Do you think the Tories will be running against the Liberals in the next provincial election? That’s the NDP’s job.

To Adam Adamson,

To answer your question, Dave is anti-Liberal these days because some of his best friends are now Alberta Party “big listeners” LOL. Only they’re listening to themselves, the Alberta Liberals on the other hand don’t mind listening to everyone both inside and outside their tent.

That’s the kind of progressive coalition Laugheed put together in his day. A coalition shouldn’t be limited to just political parties, it can and should include non-profits, service organizations, etc., basically any and all who desire something different than the staus quo.

Landmark Policy for the Mentally Ill

A landmark motion was passed at the Alberta Liberals’ Annual General Meeting and policy convention in Edmonton this past weekend where, for the first time in the history of Alberta politics, a political party made mental illness a policy priority.
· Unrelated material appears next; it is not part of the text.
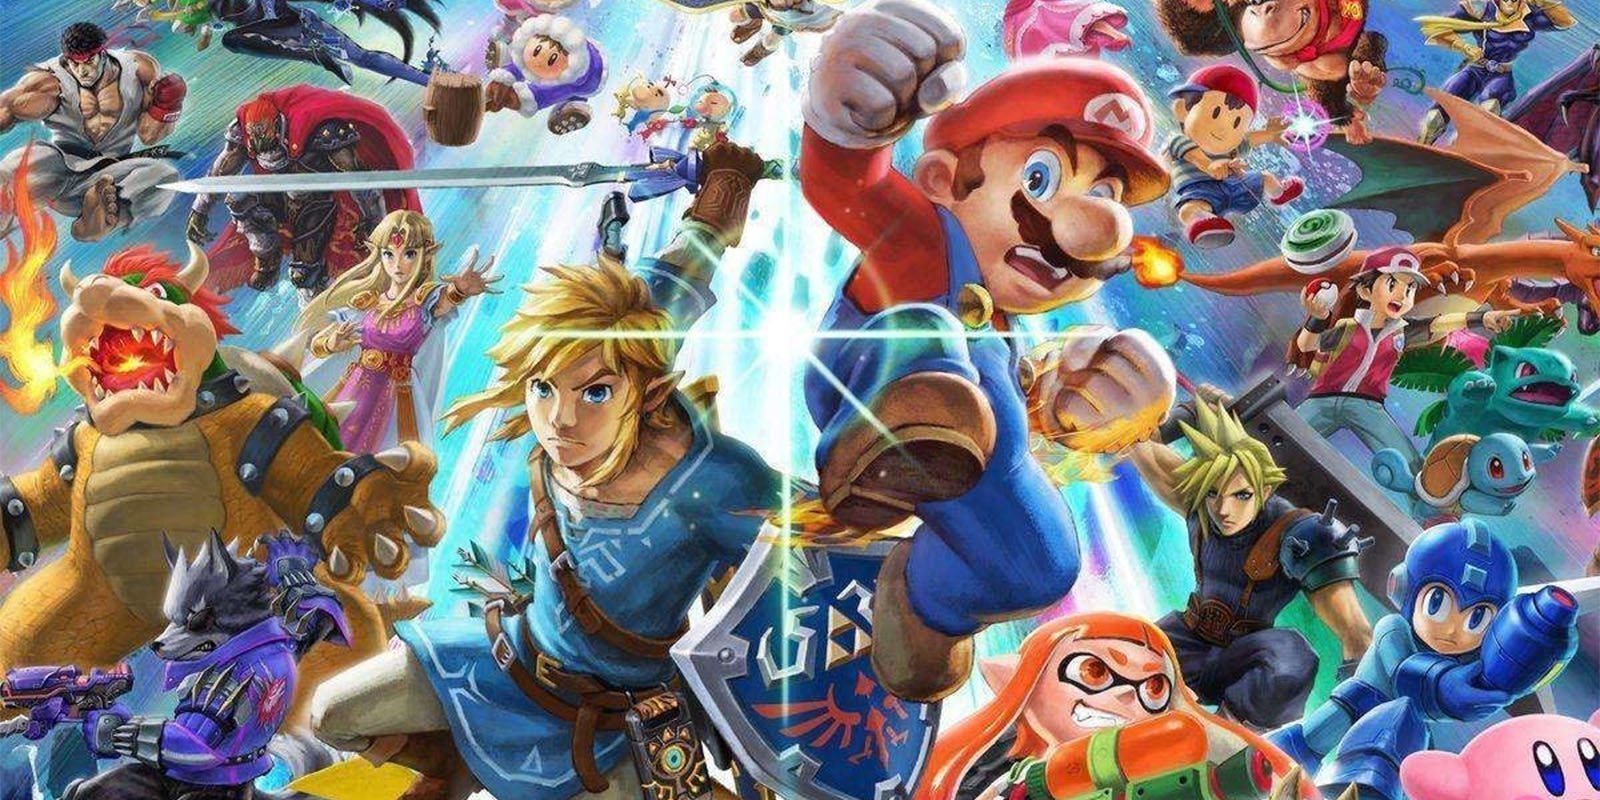 'Super Smash Bros. Ultimate' no está enfocado a los esports

This is a groundbreaking policy, especially since Senator Michael Kirby notes that “Canada is the only OECD country without a national mental health strategy.” It’s little wonder that Alberta lacks the same, but under the leadership of David Swann, the Liberal party fully intends to address that deficit.

Other policy proposals were also important, but an emphasis on mental health is long overdue. If we consider that approximately 20% of Albertans will suffer from some form of mental illness in their lives, and if we factor in family members and friends who care for them, a cautious estimate is that 50% of Albertans deal with the suffering of mental illness, directly and indirectly, on a daily basis. Because the cost of mental health problems in Alberta is incalculable human suffering and lost productivity, and because families are unduly burdened and under qualified to provide the necessary assistance for their mentally ill relatives, voters will be pleased to know that the Alberta Liberal Party fully recognizes the urgent need to improve access to professionals and treatment centers that address mental health issues.
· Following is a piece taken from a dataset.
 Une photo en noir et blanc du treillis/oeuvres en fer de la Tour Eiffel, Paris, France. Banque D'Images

Given the quality of thought and discussions behind the motions passed at the policy convention, I am convinced that the ALP is a truly progressive party.
Judy J. Johnson,
Calgary, AB

Cooperative commonwealth pointed out that delegates from the labour caucus at the NDP convention voted as a block, even though some of them were in favour of the motion, because they voted the way they were instructed to by the group they were representing at convention. What CC neglects to mention is that some of the delegates who voted in favour of the motion were in fact against it, but voted the way that their DRP dominated constituency association had instructed them to. That’s just the nature of a delegate convention.

Dave, you’re right again. Although the 200 turnout is a vast improvement, it’s dismal, as is almost all political activity in the province, frankly.

That’s exactly why the resolution is a historic and wise move, and why the Lib membership in their wisdom, turned their back on old-party strategies and the old bullpit partisans in the party who help them lose every election, and which they are clearly sick of. They’ve broken the decades-old spell!

Pundits and stubborn partisan types can argue back and forth all day about the detailed and fine merits of cooperation versus parties going it alone, but let’s let the voters decide whether they want to see a cooperative progressive movement or not. My impression is that they will — in droves. Just like most people would like to see cooperation at work, between warring countries, and between our families and friends. it’s the mature, reasonable path to a system that is much more in the general public’s commonwealth, than isolated parties. As our teachers used to say in school, a minority government that is forced to cooperate with other factions, is always the best government.